It should be clear from the timing chart above that the CRAY-1 is not really very busy during this vector add routine. For example at cycle 78, its busiest cycle, V-registers 0, 4, 5, 6, and 7 are free along with the shift, fixed add, multiply, reciprocal, and logical functional units. Moreover, the next 55 cycles (as well as most of the previous 60) could be used to issue independent instructions for a related calculation, if one needed to be done. (In fact, we can actually decrease the time for ABCV by four cycles by using some of the idle resources.)

Frequently, parallel use of available resources can be made, especially in the case of vector loops. Three examples of actual code are presented in Section V to show this: ZVSPEK, QVDIV0, and QVSQRT0.

#### IV. THE COMPUTER CODE CYCLES

CYCLES is a public file on the CRAY-1 computers at LLNL. It was written by Rollin Harding.
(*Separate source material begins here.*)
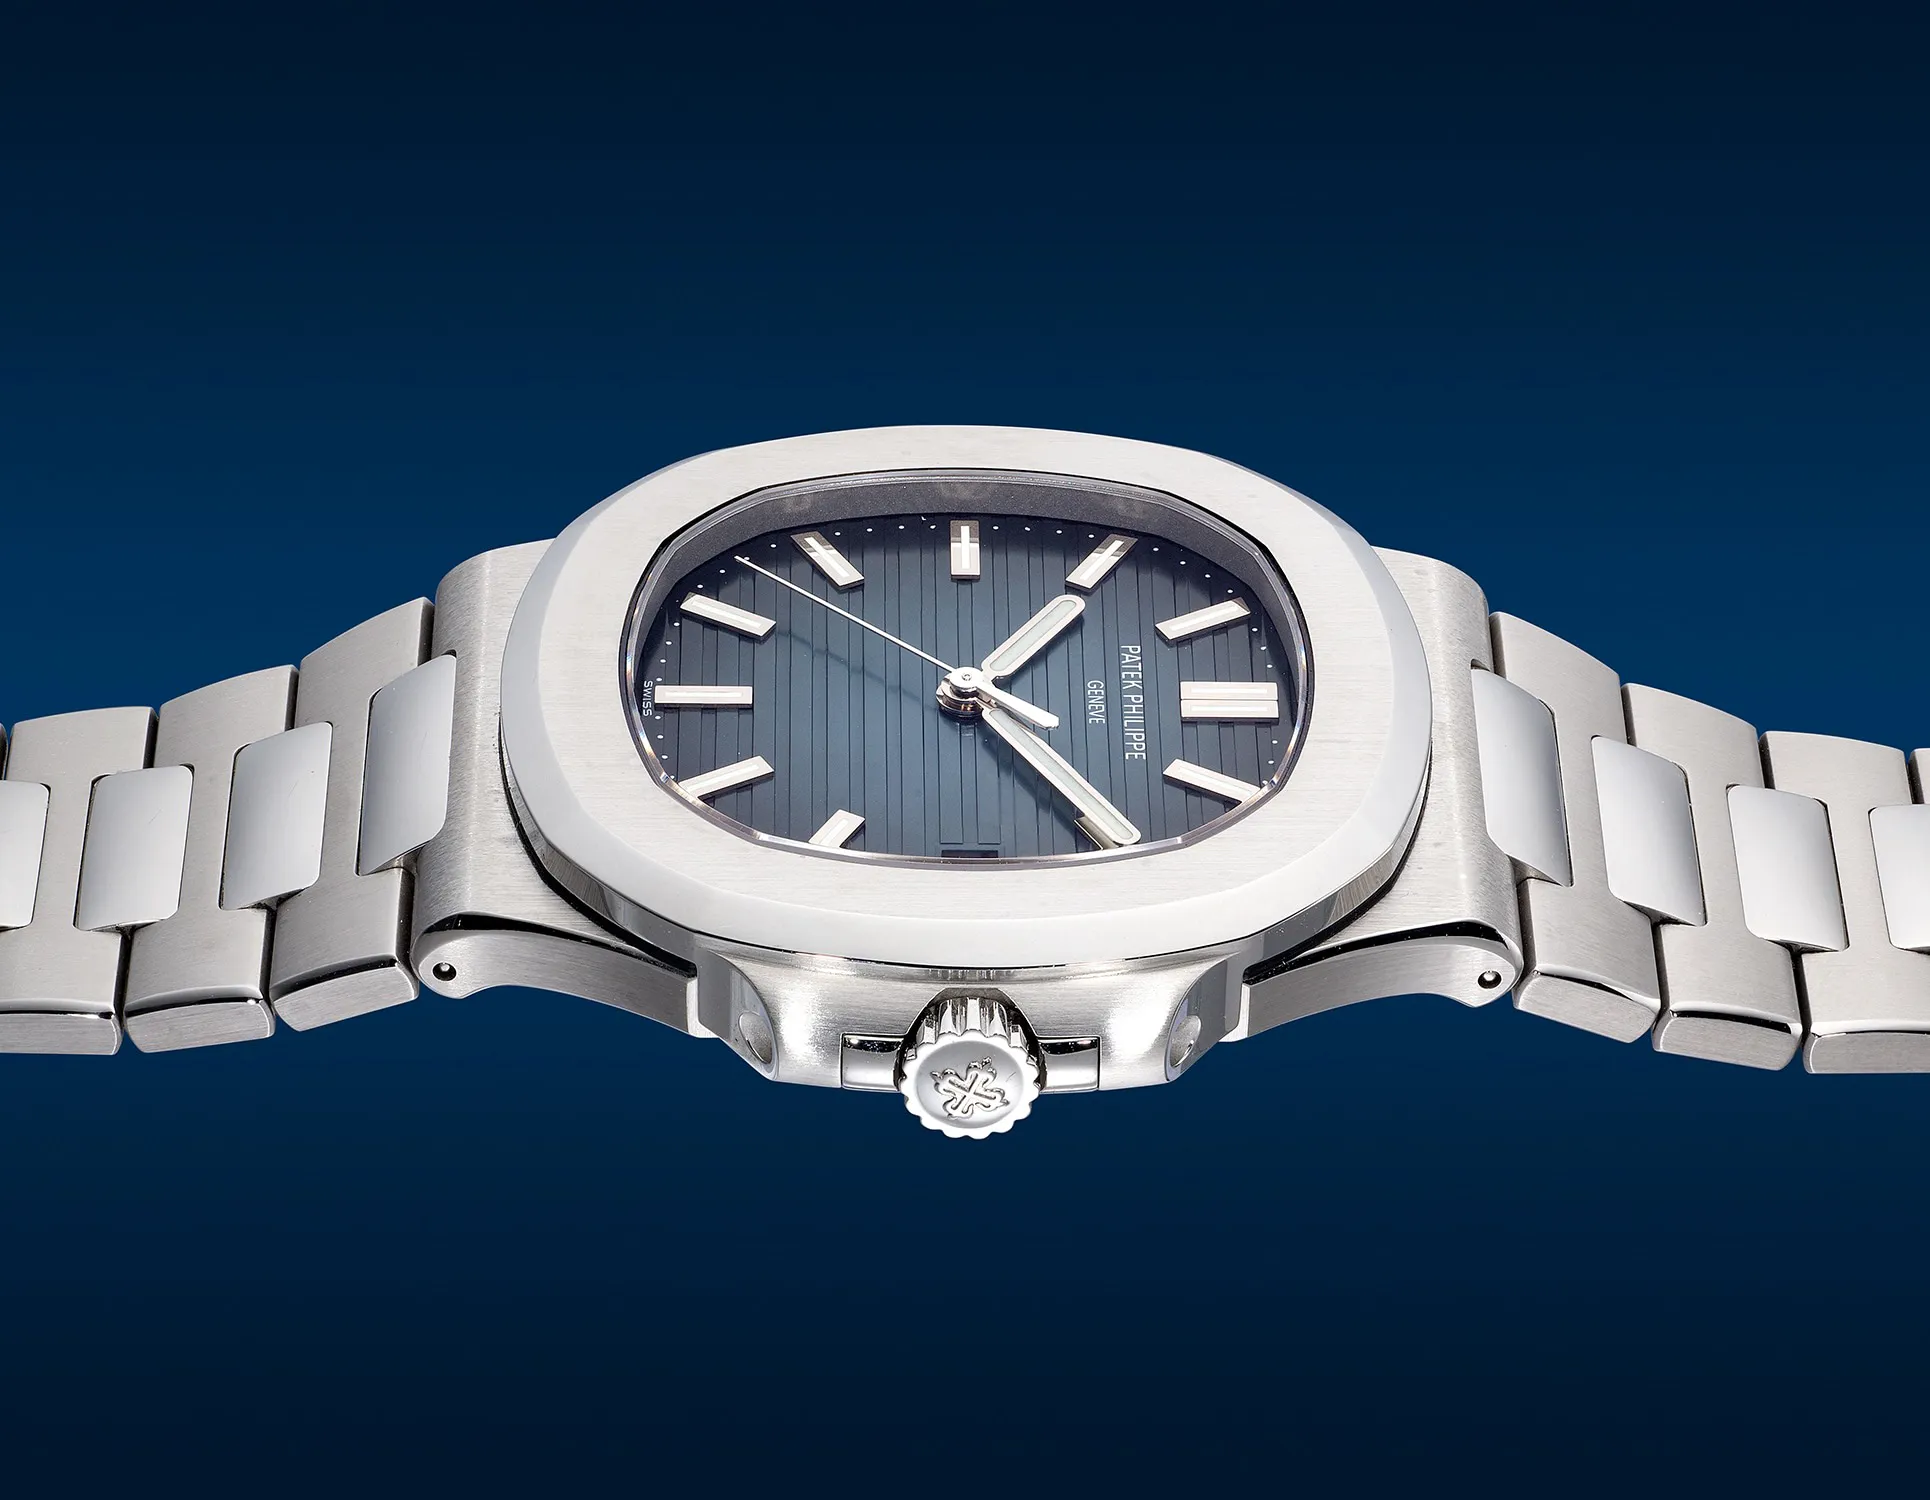 Patek Philippe Nautilus 5711/1A-010 40mm Stainless steel Blue 2

A Fortran version of it has been made available to Cray Research Incorporated and is being modified for use under their system.

CYCLES is not a simulator and does not have knowledge of the values in all machine registers. It does, however, try to keep track of the values in the VL and A registers. Options allow these register values to be specified for CYCLES' use.

The rest of this section is taken from the documentation for CYCLES. A full writeup, CYCLEWUP, can be extracted from the CYCLES public file using LIB.

##### Cycles Writeup

CYCLES was designed for detailed analysis of instruction scheduling in compiled or assembled CRAY codes. The timing analysis is presented in the spirit of Harry Nelson's report, UCID-30179, Rev. 1, "Timing Codes on the CRAY-1". Harry supplied additional timing details and tested the code extensively during the debugging period.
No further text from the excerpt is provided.